Hi
I have used featureCounts to generate WTS (data was PE WTS) count file using aligned sorted bam files. featureCounts output looks like this:
Program:featureCounts v1.6.3; Command:"featureCounts" "-T" "4" "-s" "2" "-a" "/Tools/hg38.refGene.gtf" "-o" "6_aligned_sorted_duprm.bam"

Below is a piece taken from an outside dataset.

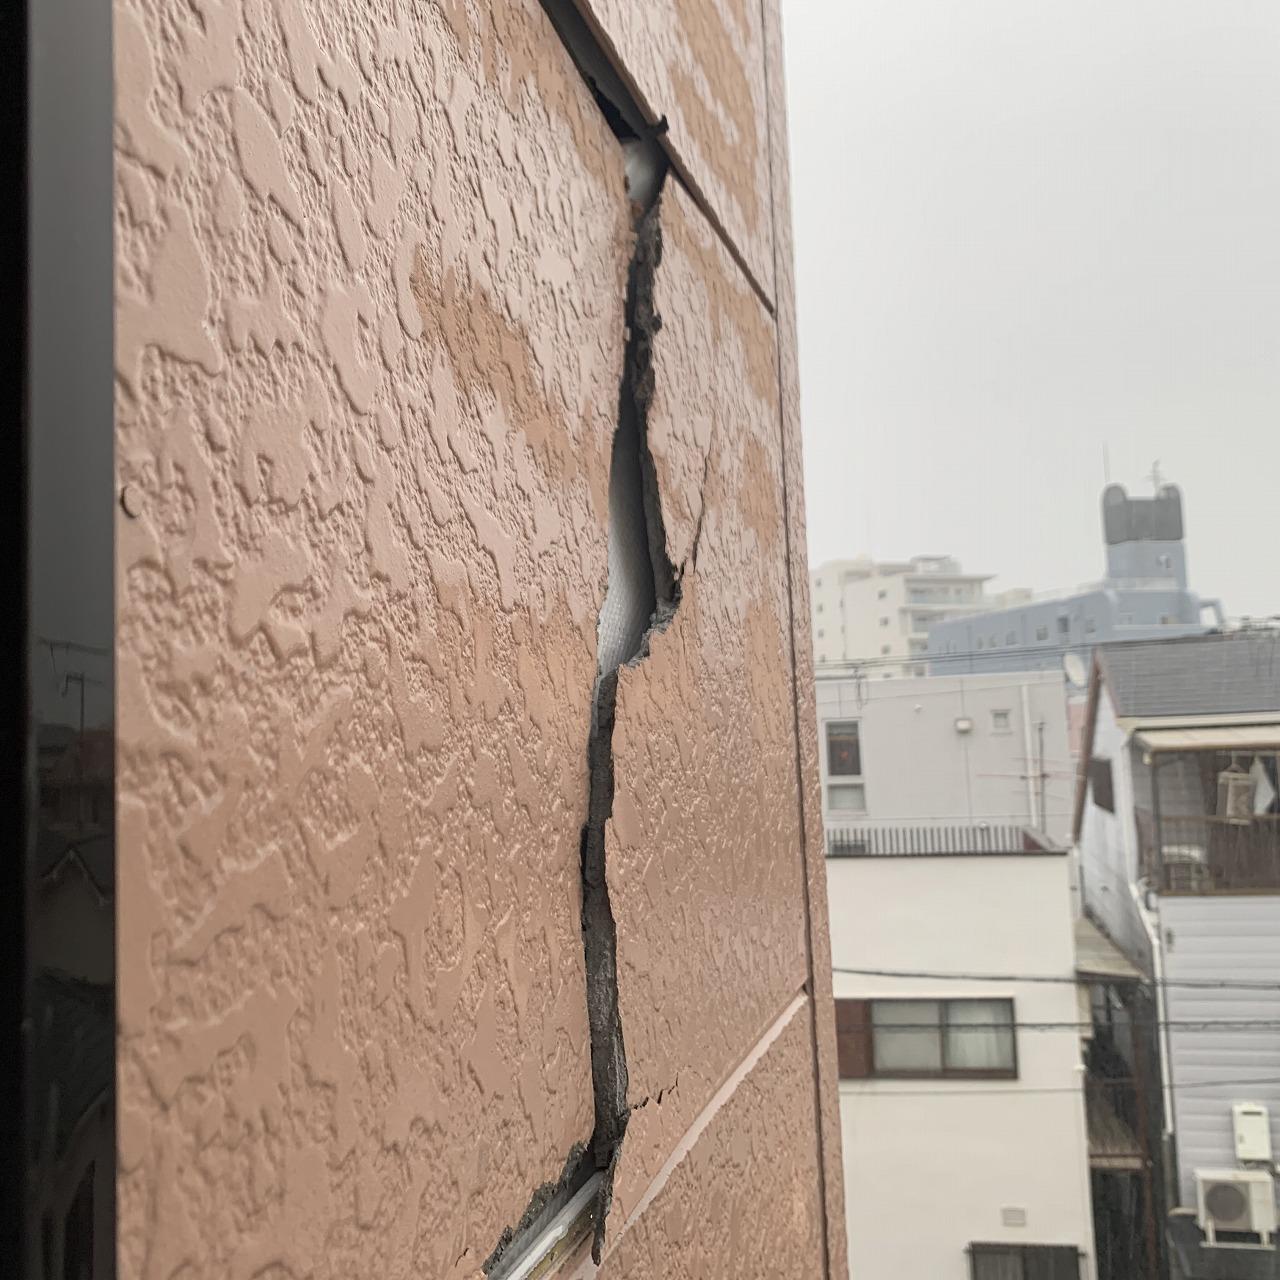 台風被害 サイディングの割れ 火災保険使用

# Geneid Chr Start End Strand Length 6_aligned_sorted_duprm.bam
DDX11L1 chr1;chr1;chr1 11874;12613;13221 12227;12721;14409 +;+;+ 1652 0
WASH7P chr1;chr1;chr1;chr1;chr1;chr1;chr1;chr1;chr1;chr1;chr1 14362;14970;15796;16607;16858;17233;17606;17915;18268;24738;29321 14829;15038;15947;16765;17055;17368;17742;18061;18366;24891;29370 -;-;-;-;-;-;-;-;-;-;- 1769 706
MIR6859-1 chr1;chr1;chr16;chr15 17369;187891;17052;101973524 17436;187958;17119;101973591 -;-;-;+ 272 0
MIR1302-11 chr1;chr19;chr9;chr15 30366;71973;30144;101960459 30503;72110;30281;101960596 +;+;+;- 552 0
FAM138A chr1;chr1;chr1;chr19;chr19;chr19;chr9;chr9;chr9 34611;35277;35721;76220;76886;77330;34394;35060;35504 35174;35481;36081;76783;77090;77690;34957;35264;35864 -;-;-;-;-;-;-;-;- 3390 0
You can see that for a single gene the chr position is showing different chromosomal locations. Why the is happening? Is this a fault while running featureCounts? How to solve this?
Thank you.
Regards,
Tanay
Hi GenoMax,
Thank you for looking into this. I wanted to ask that if you look into MIR6859-1, for example, then it is showing chr1;chr16;chr15 in the chromosome number column. How is this possible?
I have also used fastp to generate deduplicated raw fastq files. Should this be done? Also, is it important to count multimapping reads for featureCounts?
Regards, Tanay
Since microRNA's are short it may be annotated to multiple locations based on the sequence. Your annotation file must have it annotated as such.
You should not deduplicate raw fastq files for RNAseq data before alignment. People generally ignore multi-mapped reads. If you wish you use them then use a tool like
salmon
that will use statistical modeling to distribute multimapped reads.